The exchange of personal data (by transfer) implies, first of all, the ability to understand the significance of this data in all the countries (14) covered by this program. STORK is a European project dating back to 2009, which guarantees that data can be used correctly and safely in the country of destination, allowing a European citizen to register for a service first and be able to authenticate later. This protocol describes which common functionalities will be implemented, the functionalities being specified for each Member State, as well as the links between them, as well as the way of obtaining the interconnection of the interface between the common parts and the specific parts. For European data transferred at European level, this European project can be adapted and used or other ways of pseudonymizing the data can be found, using European standards in this regard or by designing an interoperable system to provide this facility. If the file is approved, it will go directly to the medical unit that made the request in the first instance, the medical unit where the patient for whom the application is made is located [13].

3. Application proposal in order to create an interoperable system

For the private medical environment, an interoperable system has a unique purpose: the secure transfer of all types of data between all participants in this system.

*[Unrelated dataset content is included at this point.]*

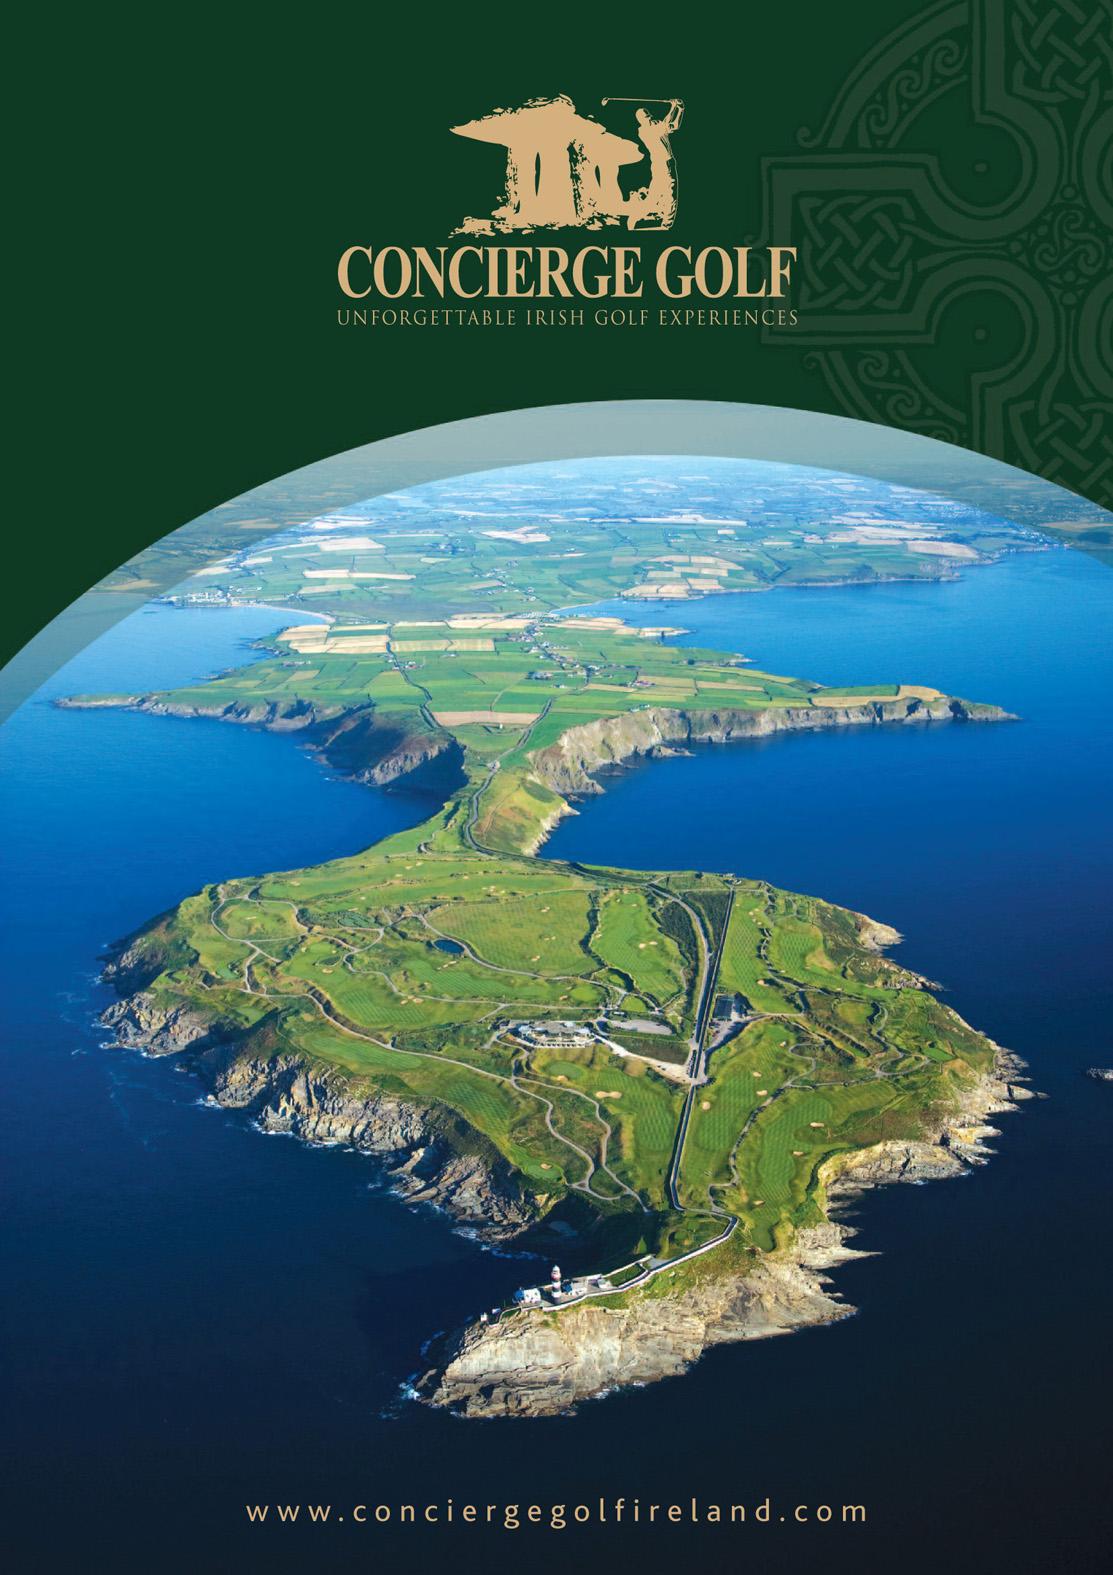 Concierge Golf Brochure Cover.jpg

Data transfer within the system between any two entities participating in the system is performed using specific technologies for machine-machine communication.

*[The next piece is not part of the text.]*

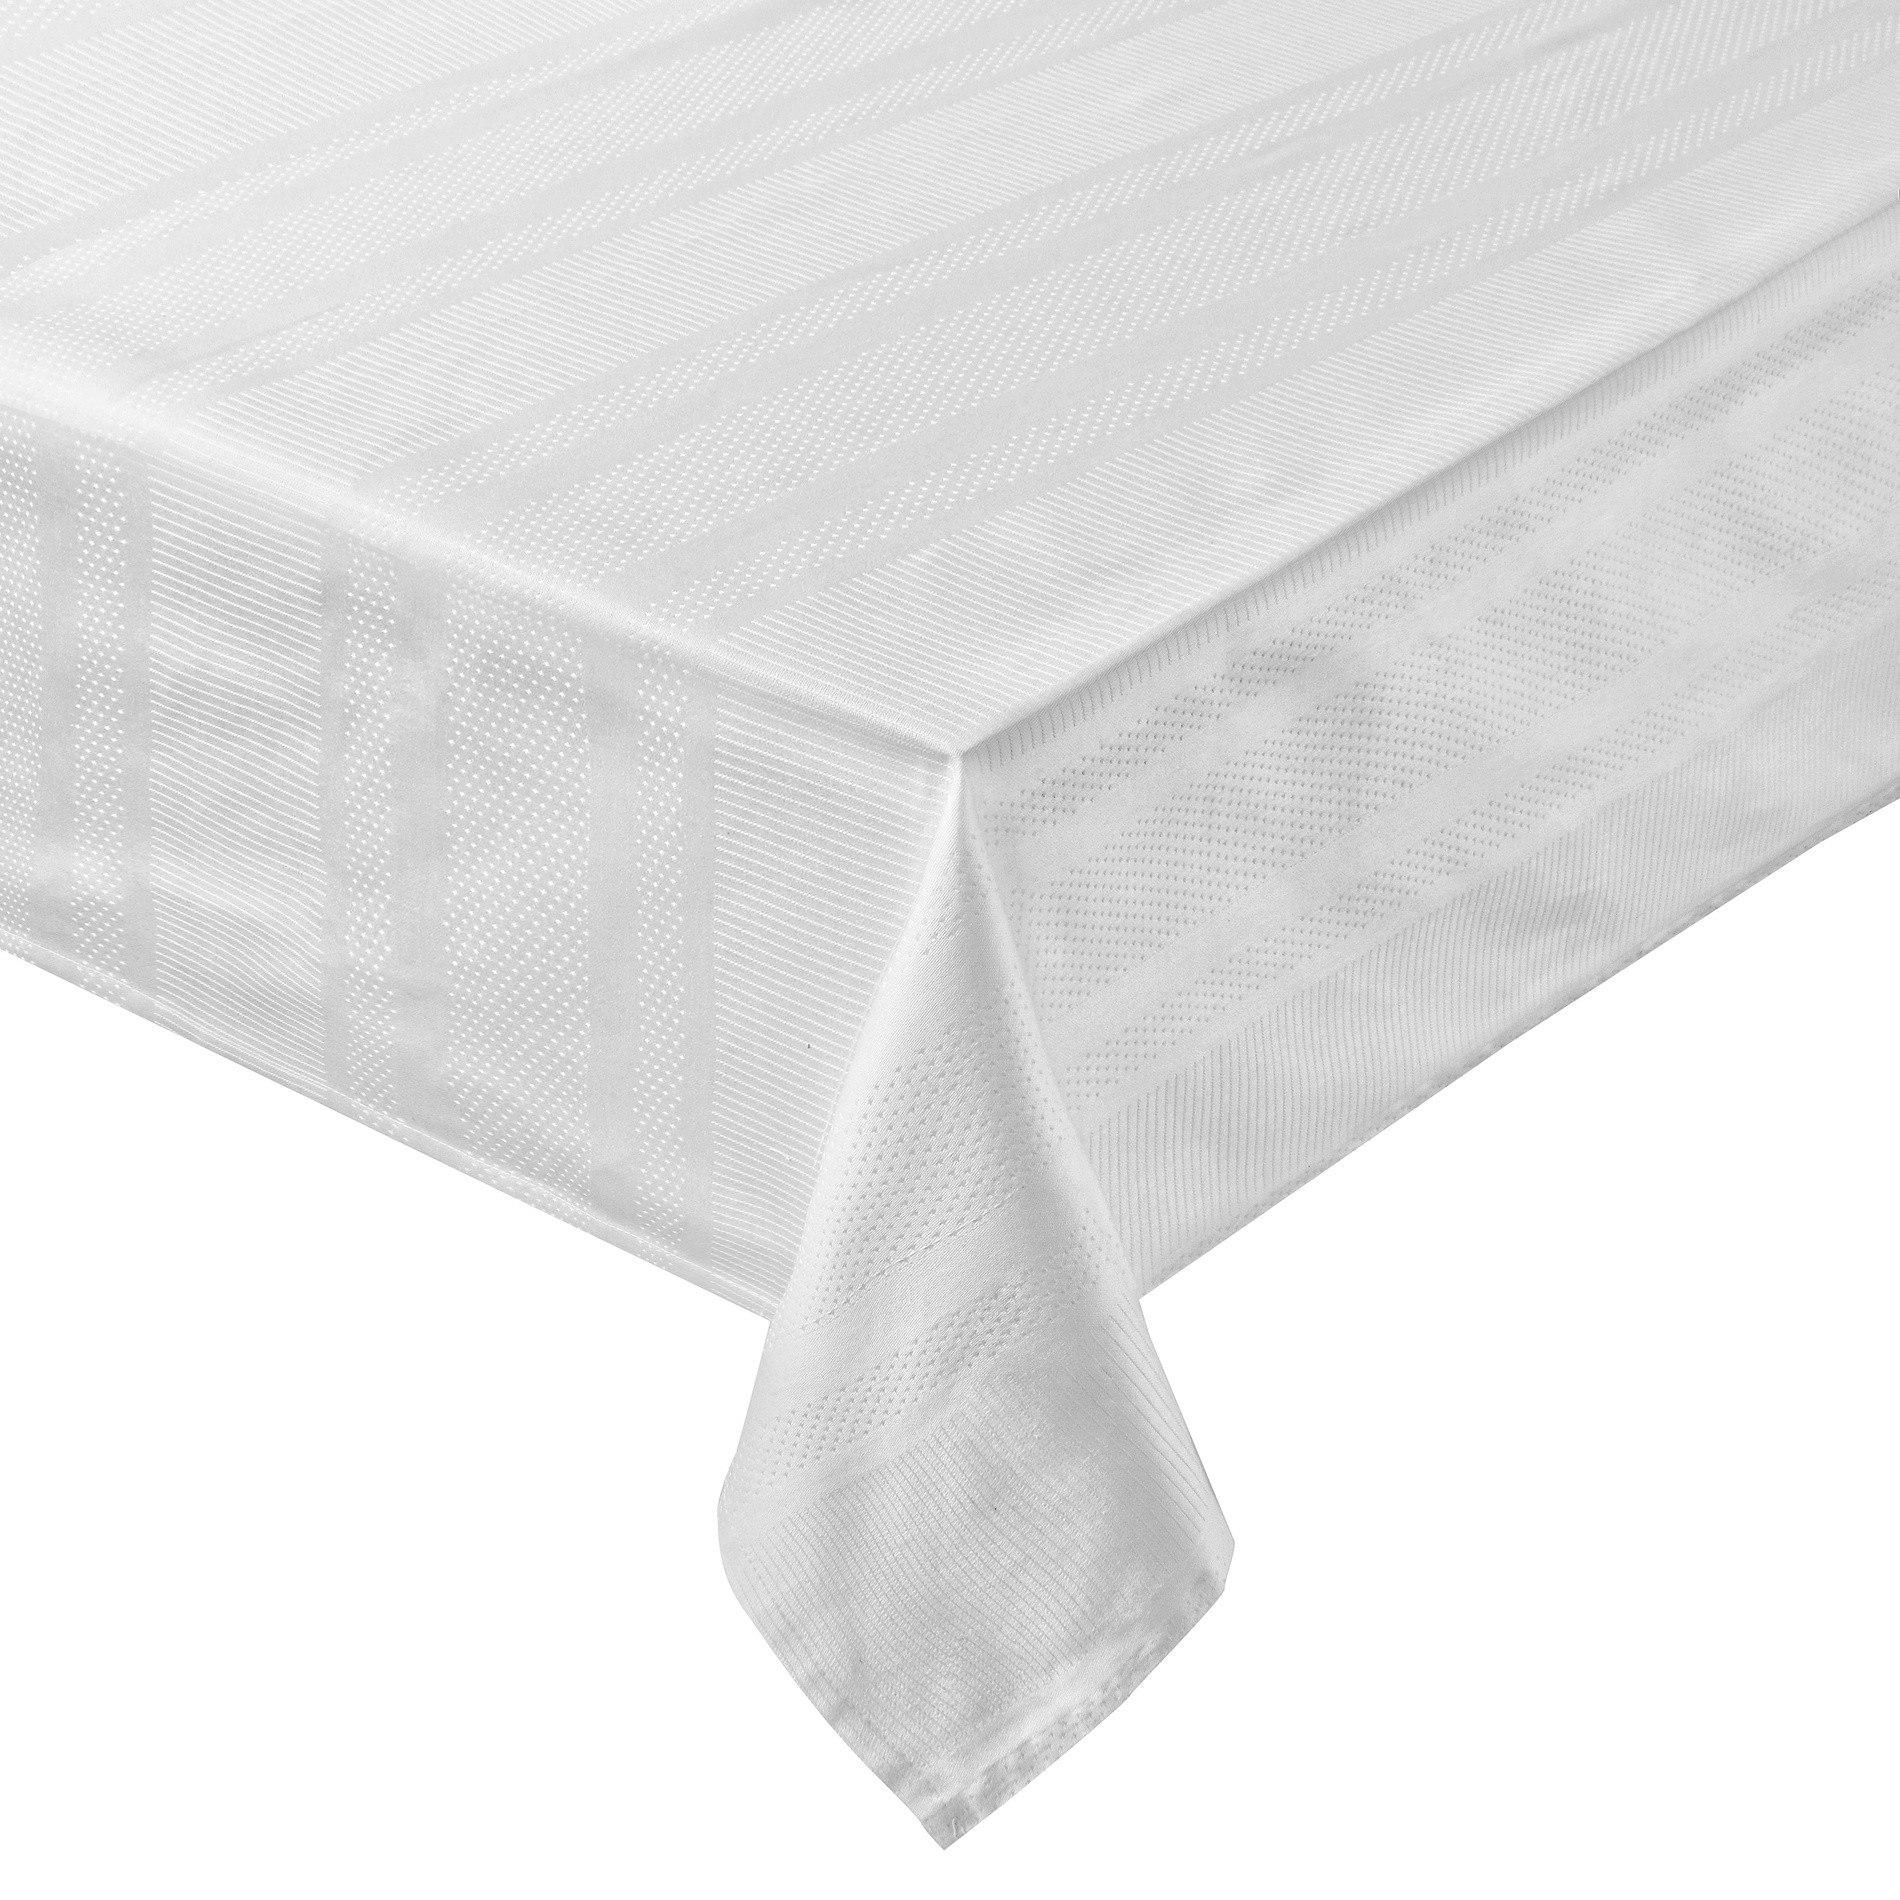 Tovaglia puro cotone egiziano jacquard, Bianco ghiaccio, large image number 0

As a practical implementation, the subsystem of the private medical field in Romania was chosen. Here there is no interoperability of the medical data and a computer application was created to demonstrate the benefits of interoperability for this subsystem.

This application has in the centre a Central Authority (CA), where are enrolling all the participants of the system: patients and healthcare providers (Medical Units-MU). When the participants at this system are enrolling in CA they are offering all personal data, and the system will assignee to each participant a code. This code provides the acceptance in the system and the identification of the participant. The personal data of the participants are stored in the CA database, and the medical information are stored at every medical services provider database. So, when the medical data are interchange, they will not carry the personal data of the patient, just his ID, which is different for every medical unit that is enrolled in the system [14].

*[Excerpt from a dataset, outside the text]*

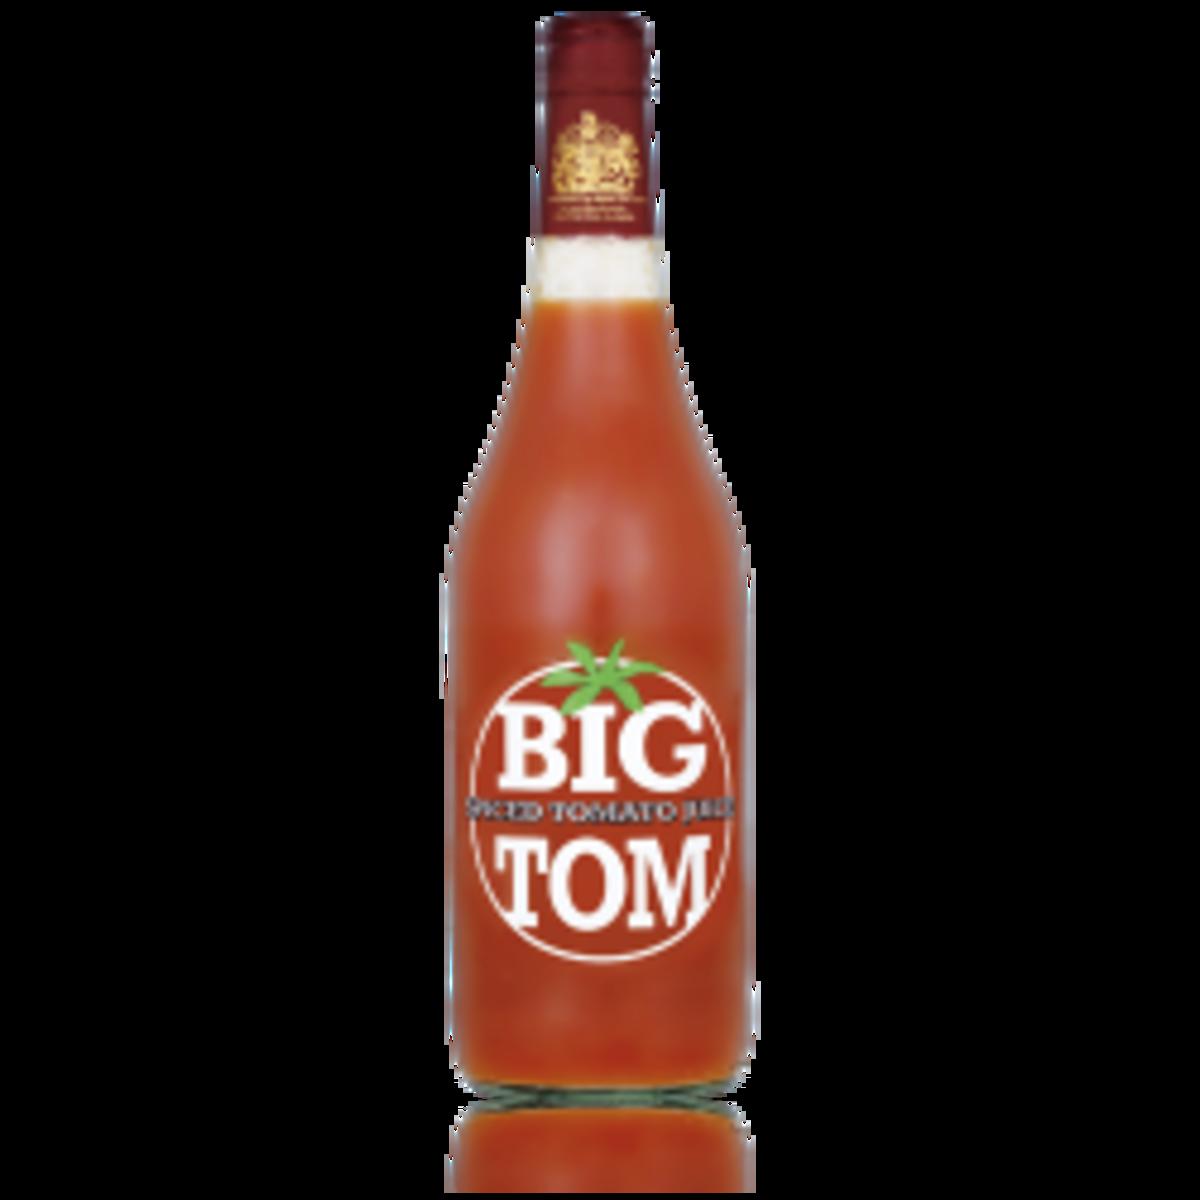 'Big Tom' Tomato juice; a favourite of Queen Elizabeth II

This application was created in Python, and has two logical levels: Backend and Frontend.

The Backend part consists of the following modules:

* the database module (as PostgreSQL database was chosen)

* level of data abstraction

* the level of business logic.

The Frontend part is composed of the following modules:

* the module / level of data communication within the subsystem;

* the module for the web services that make possible to communicate the data between the various actors;

* Application module (fully developed).

Thus, the application will contain for each participant in the system the frontend part as well as the backend part (for the central authority and the medical offices).

In the CA the patients are registered, as well as the medical units. This module defines the participants in the system and will automatically generate a unique identity, with which each of them will be recognized by the CA.

Thus, in the Frontend part of the CA, patients have access to view their personal medical information as well as all the actions taken by a MU. The information that is viewed by the patient when he / she has been authenticated in the system with his / her credentials the following:

* the date and time when he was admitted in a MU;

* the unique code that is automatically assigned by the system when enlisted. This unique code is only known to the patient and the CA;

* the private cabinets / hospitals where the patient requested medical services;

* the medical investigations that the patient has been benefited from;

* the status of medical information (approved or rejected by the patient). Any request to view the patient's medical data must be approved or denied by the patient in order to protect his medical data.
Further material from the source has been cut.